- THE DATA -
+===+

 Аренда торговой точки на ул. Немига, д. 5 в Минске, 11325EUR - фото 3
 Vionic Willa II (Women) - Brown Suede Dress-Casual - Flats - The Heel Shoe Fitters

+===+

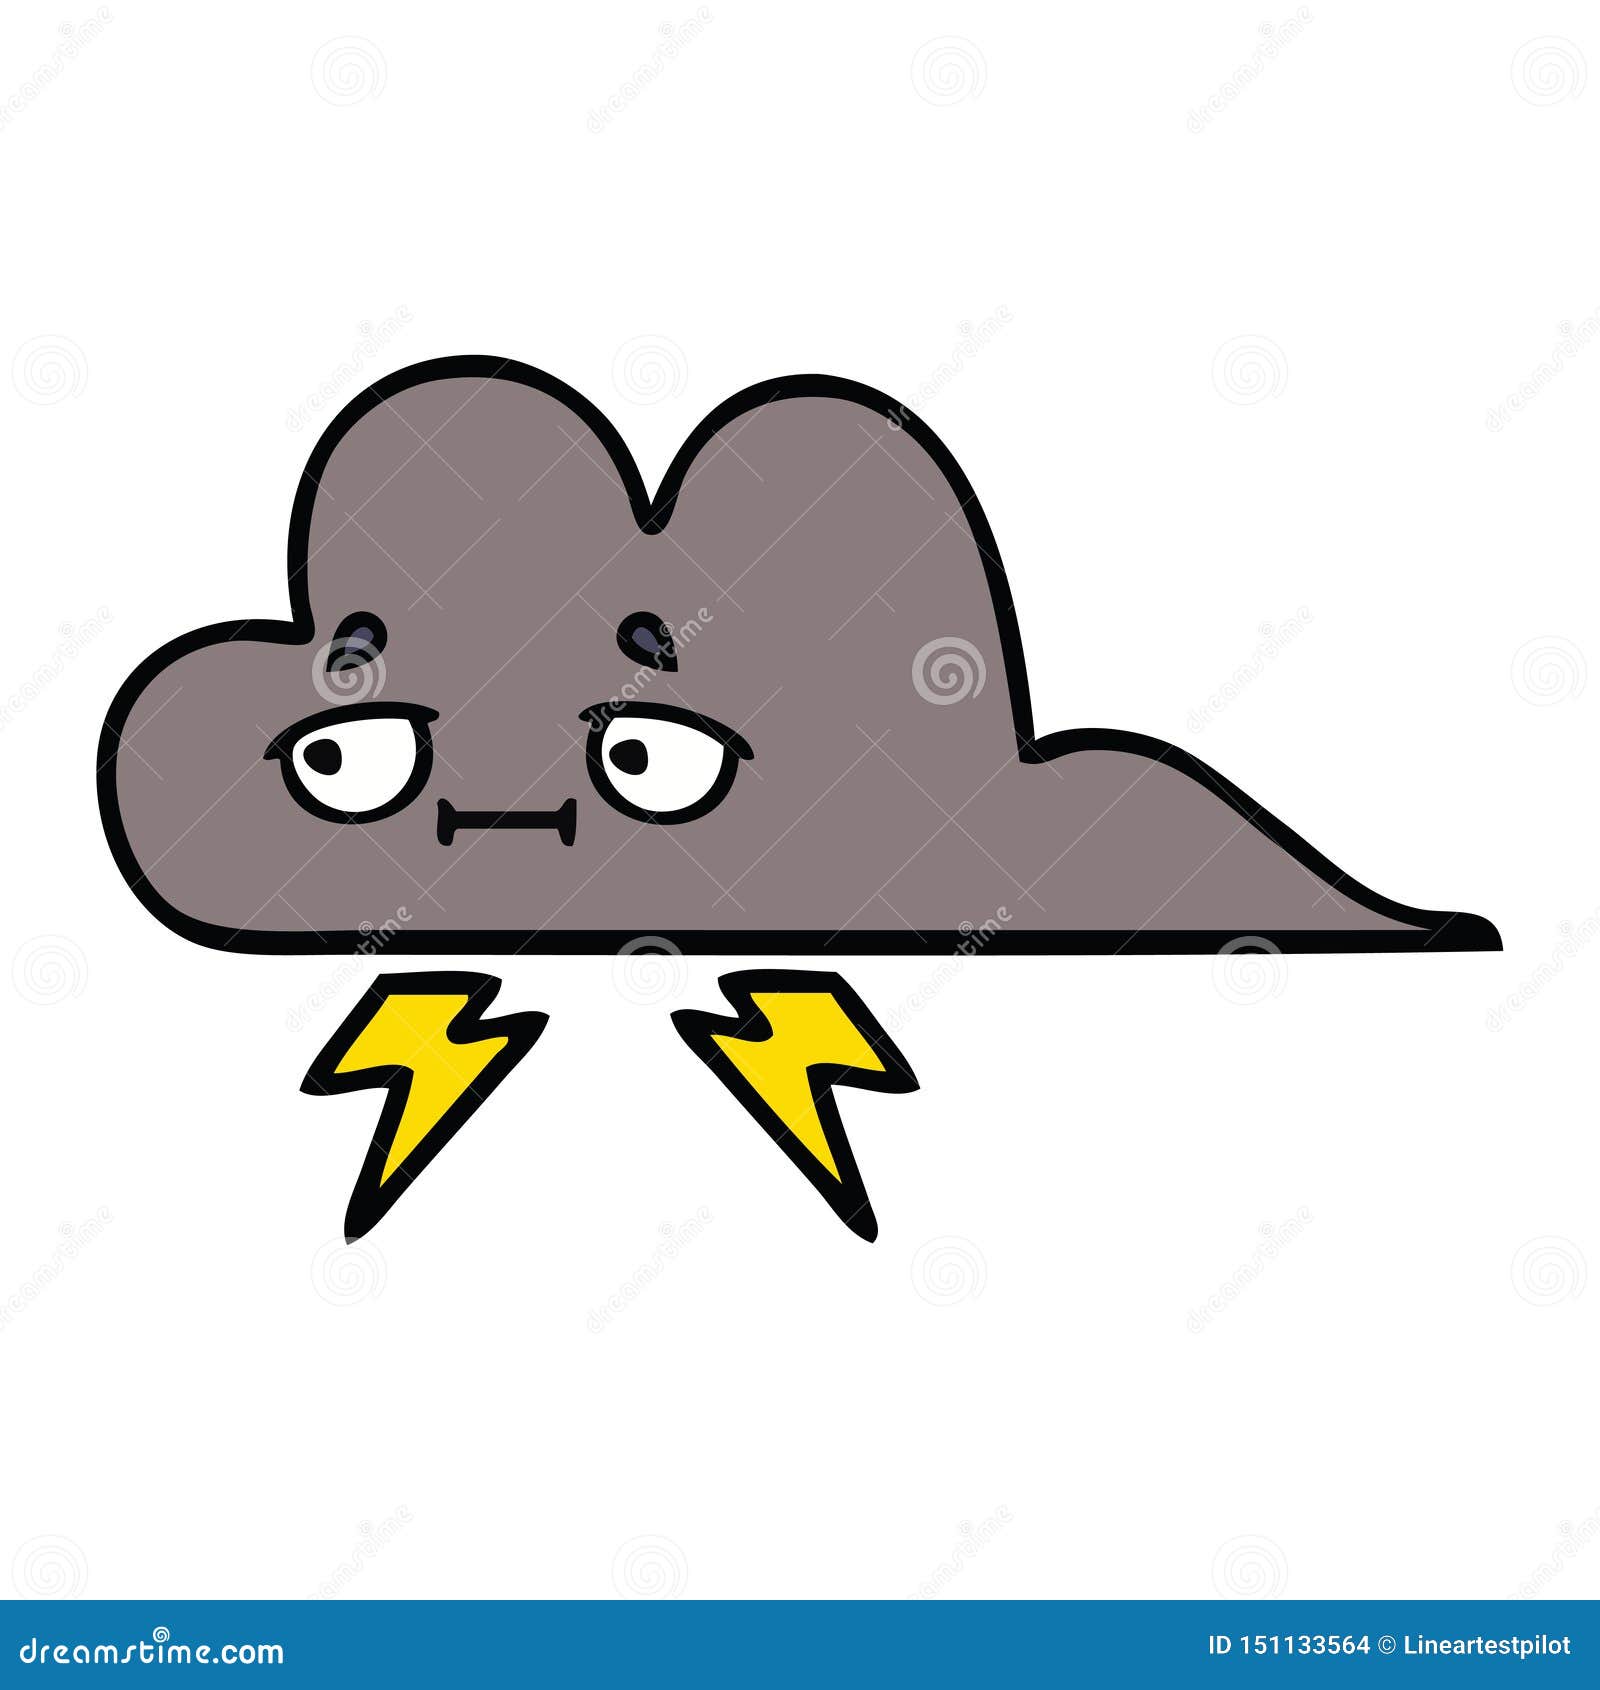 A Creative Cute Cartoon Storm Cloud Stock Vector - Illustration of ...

+===+

Return a word-for-word copy of the lines above from the one holding "Аренда торговой точки" through the one holding "Vionic Willa II", with both of them included and nothing besides.

 Аренда торговой точки на ул. Немига, д. 5 в Минске, 11325EUR - фото 3
 Vionic Willa II (Women) - Brown Suede Dress-Casual - Flats - The Heel Shoe Fitters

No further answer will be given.